Solving Schrodinger's Equation with a weak Imaginary Potential

[AspiringResearcher]

Homework Statement

A particle of energy $E$ moves in one dimension in a constant imaginary potential $-iV$ where $V << E$.

a) Find the particle's wavefunction $\Psi(x,t)$ approximating to leading non-vanishing order in the small quantity $\frac{V}{E} << 1$.

b) Calculate the probability current density of the wavefunction you just calculated, and interpret your result briefly: what is the effect of the small imaginary potential?

Homework Equations

$$-\frac{\hbar^2}{2m}\psi'' -iV\psi = E\psi \text{ (time-independent schrodinger equation for energy E)}$$
$$j = Re(\bar{\Psi}\frac{\hbar}{im}\frac{d\Psi}{dx})\text{ (probability current density)}$$

First order approximations for $x << 1$:

• $\sin(x) \approx 1$
• $\cos(x) \approx 1 - \frac{x^2}{2}$
• $e^x \approx 1 + x$

The Attempt at a Solution

I attempted this problem in a few different ways and it was never obvious to me how the Taylor approximation would work out.

Since the particle is traveling with a definite energy E, the use of the time-independent Schrodinger equation is justified. The time dependence is easy to calculate.

The first approach I used was to solve the time-independent Schrodinger equation with the standard method for second-order homogeneous linear differential equations with constant coefficients. I modified this approach by assuming that the coefficient $r$ in $\psi = e^{rx}$ would be complex, setting $r = a + bi$ for simplicity.

Assume $\psi(x) = e^{(a+bi)x}$.

The characteristic equation is then
$$-\frac{\hbar^2}{2m}(a+bi)^2 = E + iV$$
which leads to the equations
$$a^2 -b^2 = \frac{-2mE}{\hbar^2} \text{ for the real part}$$
$$2abi = -\frac{2miV}{\hbar^2} \text{ for the imaginary part}$$
Therefore, $$ab = -\frac{mV}{\hbar^2} \implies b = -\frac{mV}{a\hbar^2}$$
$$\implies a^2 - b^2 = a^2 - \frac{m^2V^2}{a^2\hbar^4} = -\frac{2mE}{\hbar^2}$$
$$\implies a^4 + \frac{2mE}{\hbar^2}a^2 - \frac{m^2V^2}{\hbar^4} = 0$$
Using the quadratic formula,
$$a^2 = \frac{-\frac{2mE}{\hbar^2}\pm \sqrt{\frac{4m^2E^2}{\hbar^4}+\frac{4m^2V^2}{\hbar^4}}}{2}$$
Since $a$ must be a real number, the solution with the subtraction will not work, so we have
$$a^2 = -\frac{mE}{\hbar^2} + \frac{m}{\hbar^2}\sqrt{E^2+V^2} = \frac{m}{\hbar^2}(\sqrt{E^2+V^2}-E)$$
Now, taking the square root, I assume that $a$ will be negative or else $\psi$ will be non-normalizable and will blow up, so we have
$$a = -\frac{\sqrt{m}}{\hbar}\sqrt{\sqrt{E^2+V^2}-E}$$
Substituting this value for $a$ into the formula for $b$, we obtain
$$b = \frac{\sqrt{m}V}{\hbar\sqrt{\sqrt{E^2+V^2}-E}}$$

I do not know how to proceed from here on out. Clearly the $\frac{\sqrt{m}}{\hbar}$ term can be factored out in the exponential, but I cannot see how Taylor approximation for $e^{(a+bi)x}$ would lead to vanishing terms.

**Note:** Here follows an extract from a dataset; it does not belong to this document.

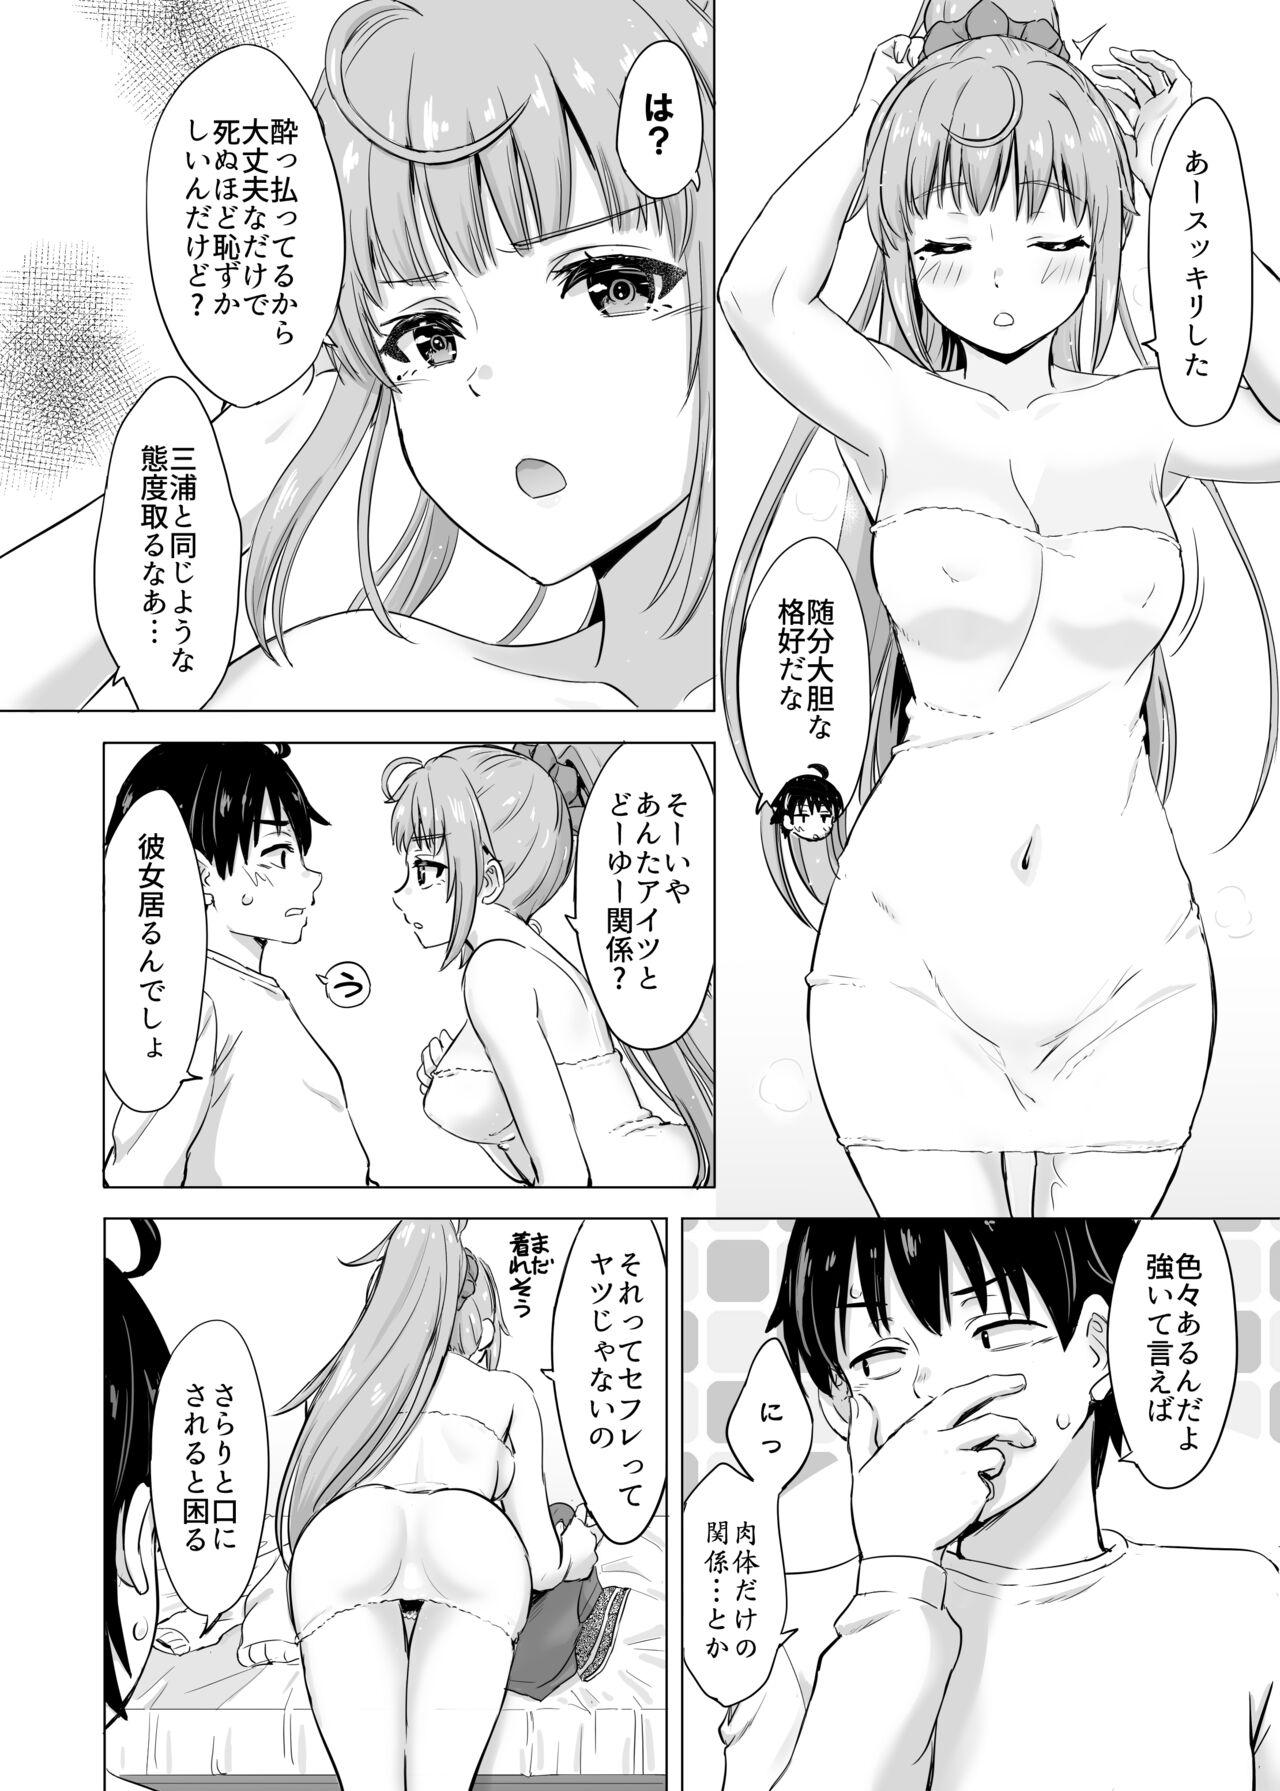 Camshow Ashi-san Saki Saki Manga - Yahari ore no seishun love come wa machigatteiru Rope - Page 7

In my other attempt, I tried a solution $\psi(x) = f(x)\phi(x)$ for some function $f(x)$, where $\phi$ is just the wavefunction for a free particle with definite energy E. However, this was not enlightening.

EDIT: I posted this in the "Advanced Physics Homework" section because I did not feel it was appropriate for the introductory homework section. This is from an upper-division undergraduate QM class.

 

[mfb]

You might have neglected some higher order terms already by using the time-independent Schroedinger equation. You can neglect more to simplify the expression for a and b.

What is $\sqrt{E^2+V^2}$ approximately for V<<E?